◆ ACTION ITEM
Restate word for word the lines in the listing below, starting at the line containing "Curved Outdoor Wall" and ending at the line containing "Brooklyn, New York, USA.", both included; leave out the rest.

(DATASET EXTRACT Opens)

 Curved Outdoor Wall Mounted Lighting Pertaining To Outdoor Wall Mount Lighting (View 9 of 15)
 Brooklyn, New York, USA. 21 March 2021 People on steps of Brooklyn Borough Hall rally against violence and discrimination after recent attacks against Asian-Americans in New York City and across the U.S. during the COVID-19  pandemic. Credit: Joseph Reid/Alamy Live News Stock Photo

(DATASET EXTRACT Closes)
(DATASET EXTRACT Opens)

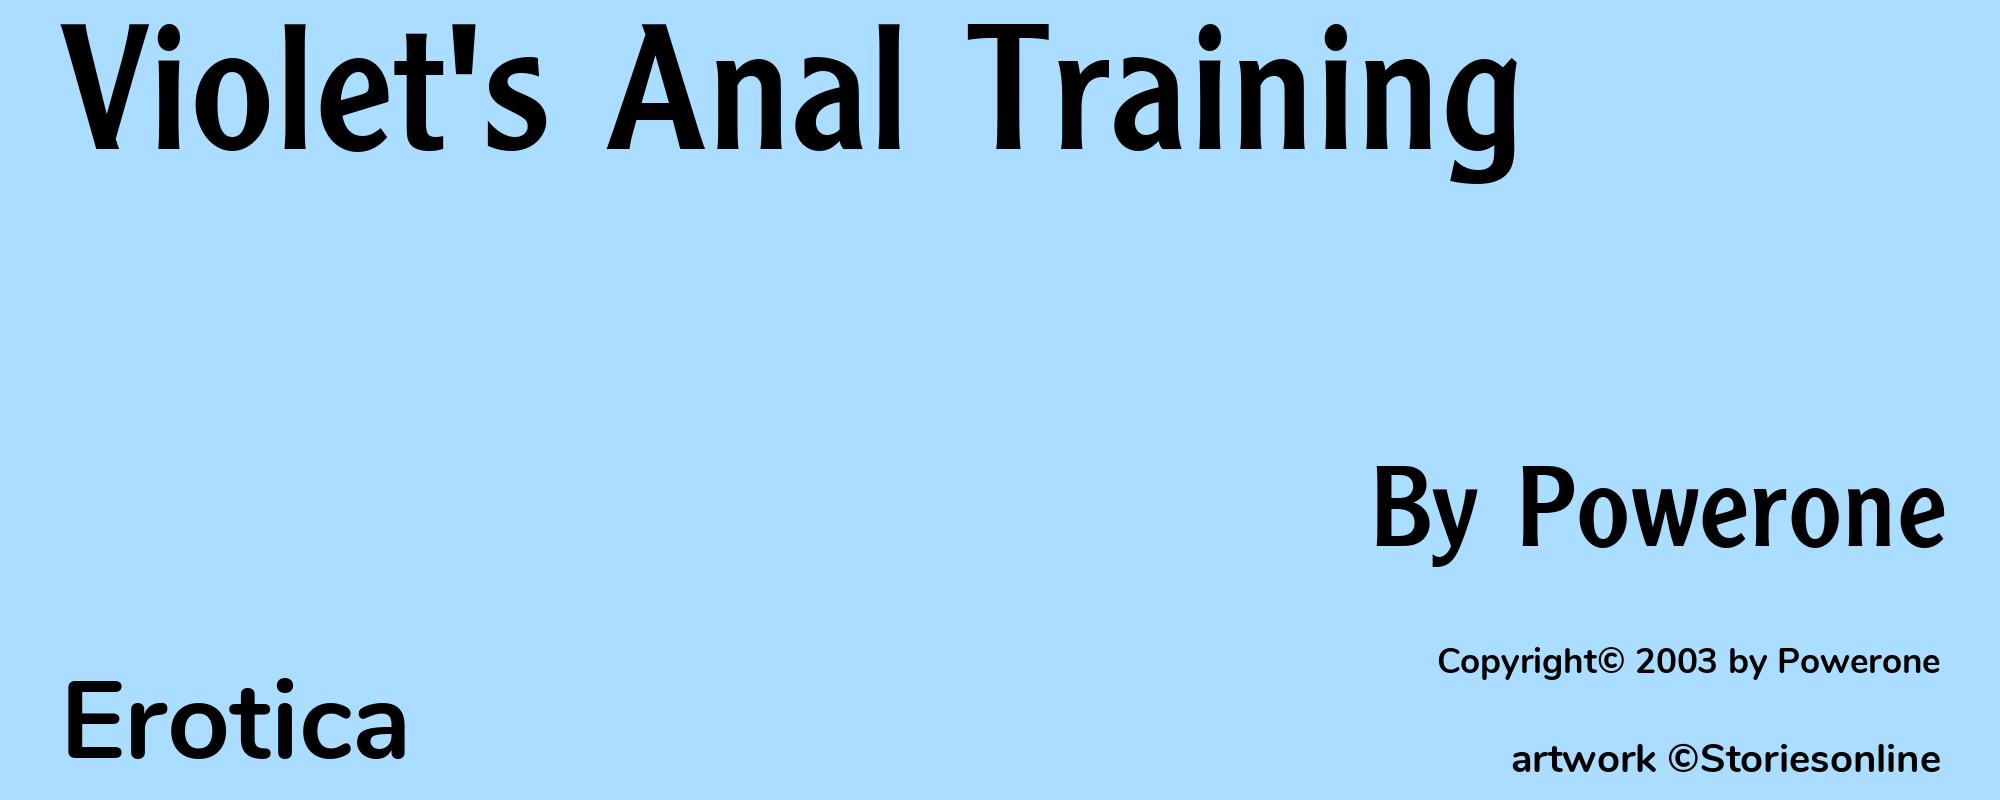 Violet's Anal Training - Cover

(DATASET EXTRACT Closes)
(DATASET EXTRACT Opens)

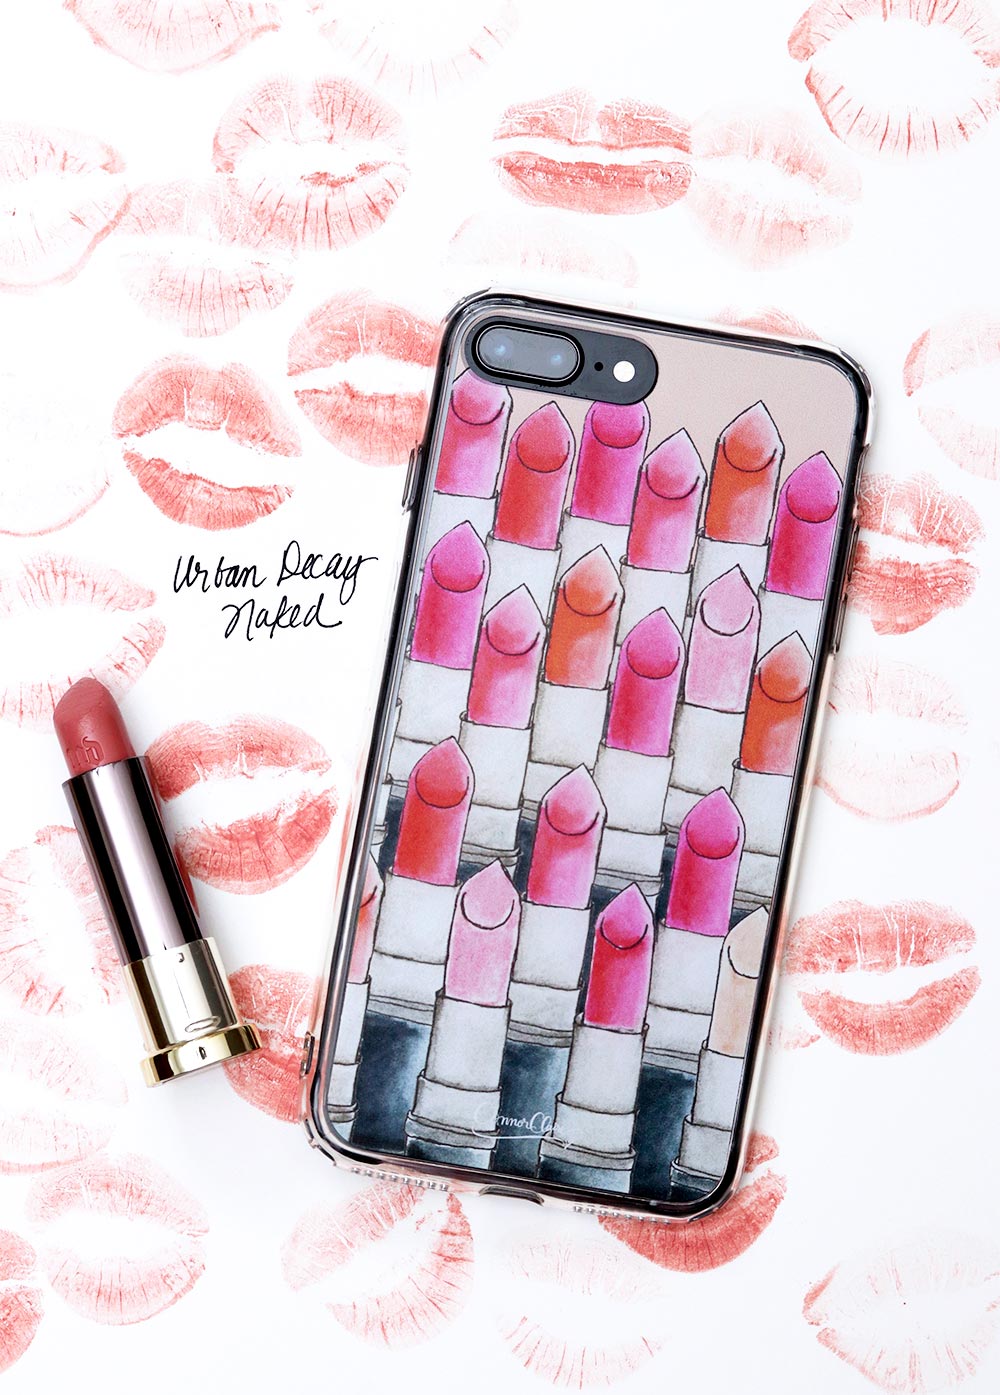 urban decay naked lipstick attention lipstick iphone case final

(DATASET EXTRACT Closes)

◆ ANSWER
 Curved Outdoor Wall Mounted Lighting Pertaining To Outdoor Wall Mount Lighting (View 9 of 15)
 Brooklyn, New York, USA. 21 March 2021 People on steps of Brooklyn Borough Hall rally against violence and discrimination after recent attacks against Asian-Americans in New York City and across the U.S. during the COVID-19  pandemic. Credit: Joseph Reid/Alamy Live News Stock Photo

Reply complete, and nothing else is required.